We investigate how best to rehabilitate language and cognitive deficits caused by stroke and dementia.

The principal aim of our group is to provide a brain -network account of the treatment of language and cognitive disorders in patients with brain damage.

Our research is multidisciplinary and integrates neuroimaging, behavioural and treatment studies of patient populations with neurological disorders including aphasia, hemianopic alexia and dementia.

We use neuroimaging (MEG, fMRI and sMRI (including MPM)) to identify in patients the neural models of brain areas involved in language and cognitive functioning. Through new technological innovations, in developing digital interventions (i.e. apps and web-based therapies) and using noninvasive brain stimulation (trancranial direct current stimulation -tDCS and tACS) we then test how these interventions modulate brain plasticity and accelerate recovery. Not only will this advance neuroscientific understanding of language and cognitive functioning following brain damage, it will also reveal the mechanisms of behavioural and non-invasive brain stimulation intervention effects.

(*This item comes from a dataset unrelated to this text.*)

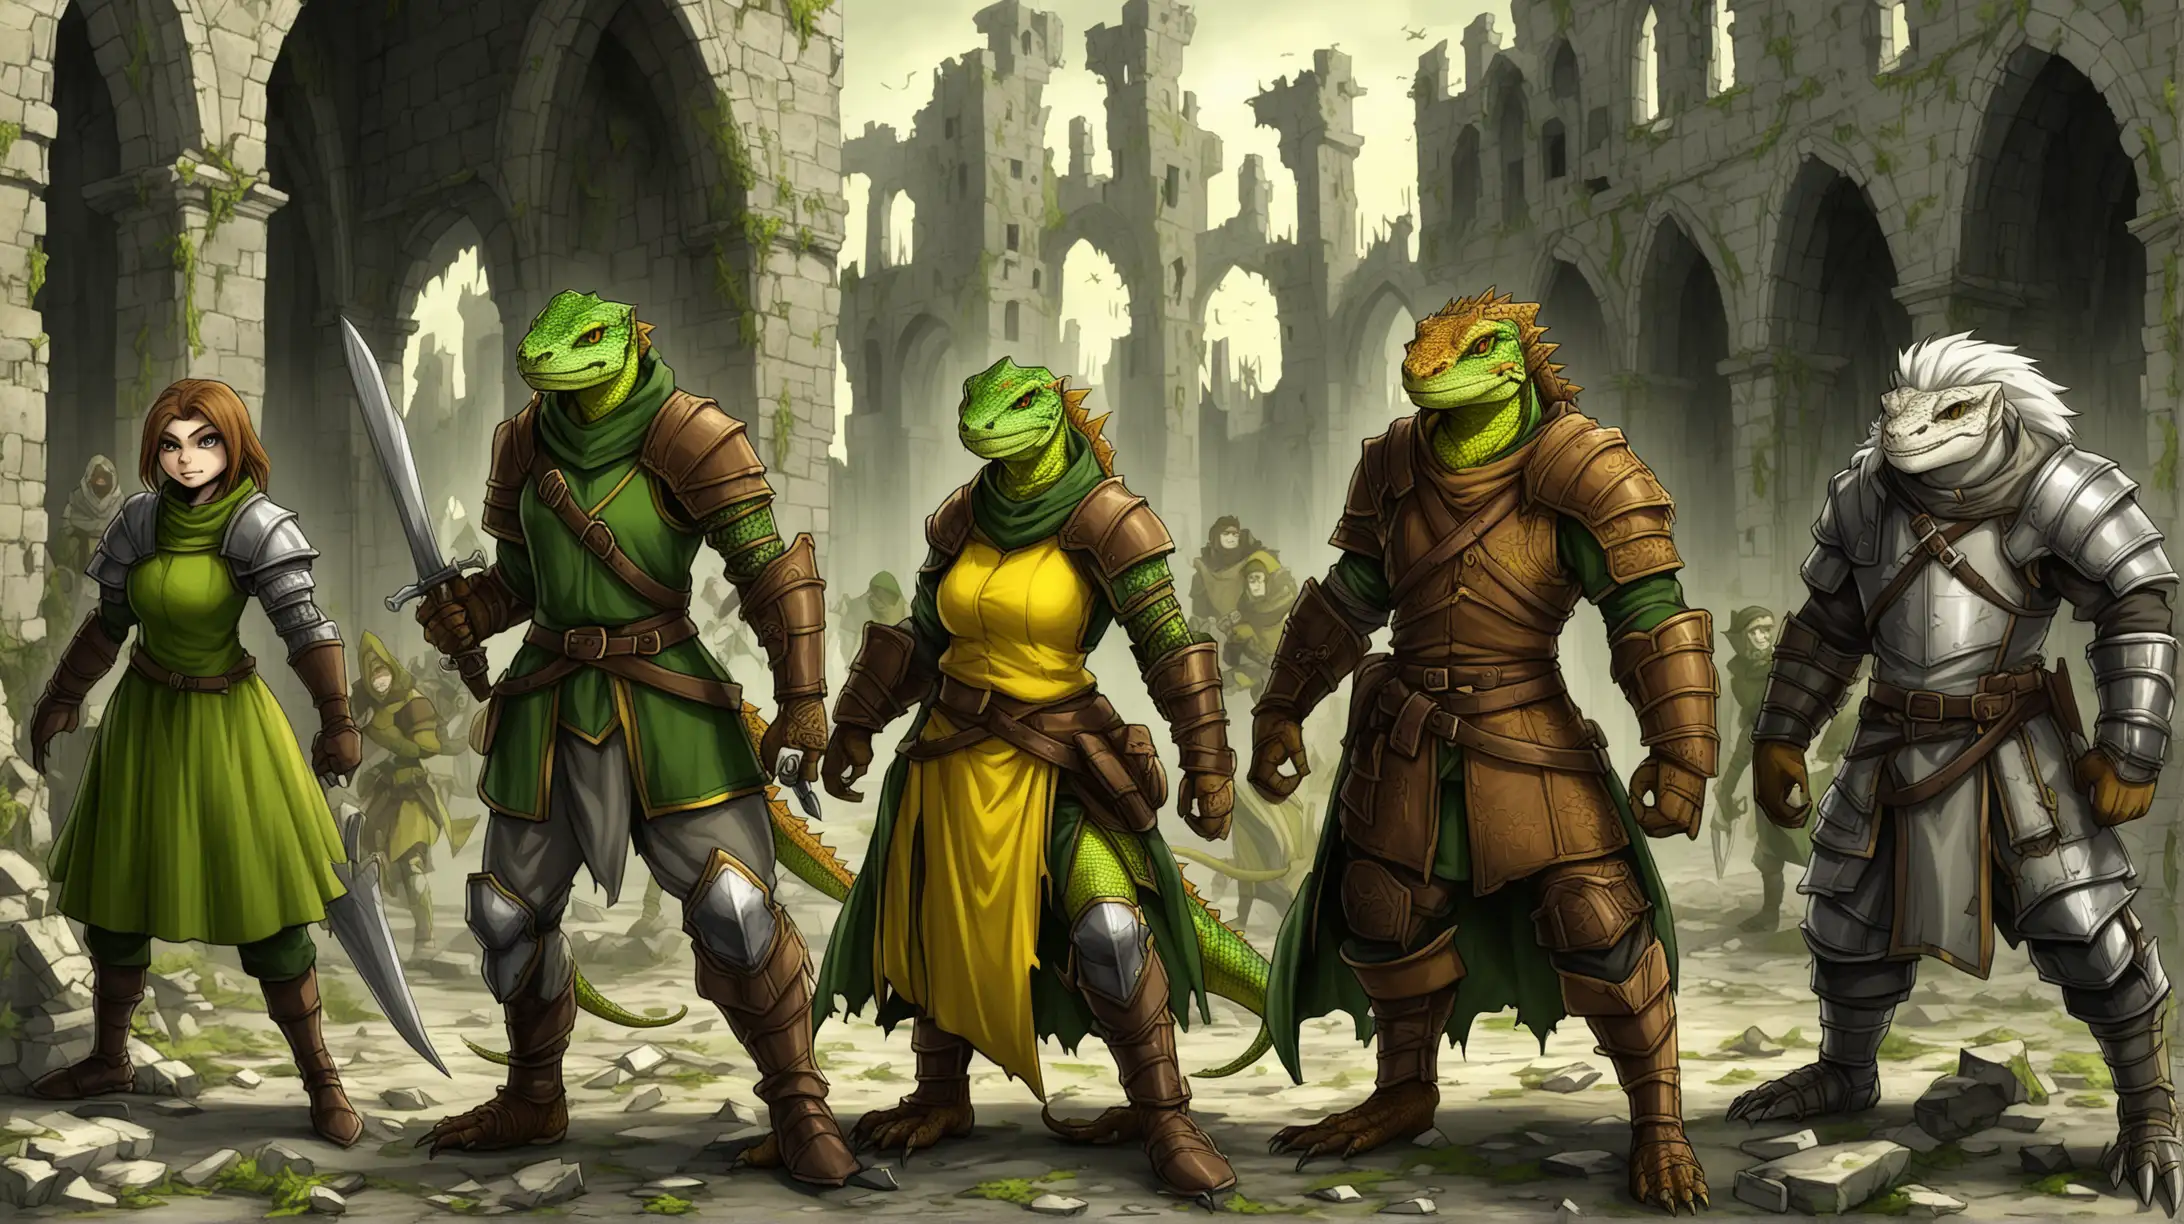 Medieval Fantasy Warriors Rogues in Ruins with Hybrid Lizard Men and Women

By linking data and theoretical models from these complementary questions we seek to deliver an integrated picture of cognitive rehabilitation. This will allow us to target subgroups of patients who are likely to respond to specific non-invasive brain stimulation and behavioural therapies, a means of tailoring treatment to individual patients. It will also provide an empirical basis from which to investigate specific interventions in clinical trials that would greatly improve the quality of patients’ treatment.

Our vision is that suitable patients will use these computer-based therapies linked with non-invasive brain stimulation to supplement and boost their rehabilitation. This same technique could be used for other hard-to-treat speech, language and cognitive disorders, opening up many new avenues for treatment and prevention.

 

Therapy apps

We have already conducted randomised controlled trials to test the clinical effectiveness of a range of different practice-based therapy apps.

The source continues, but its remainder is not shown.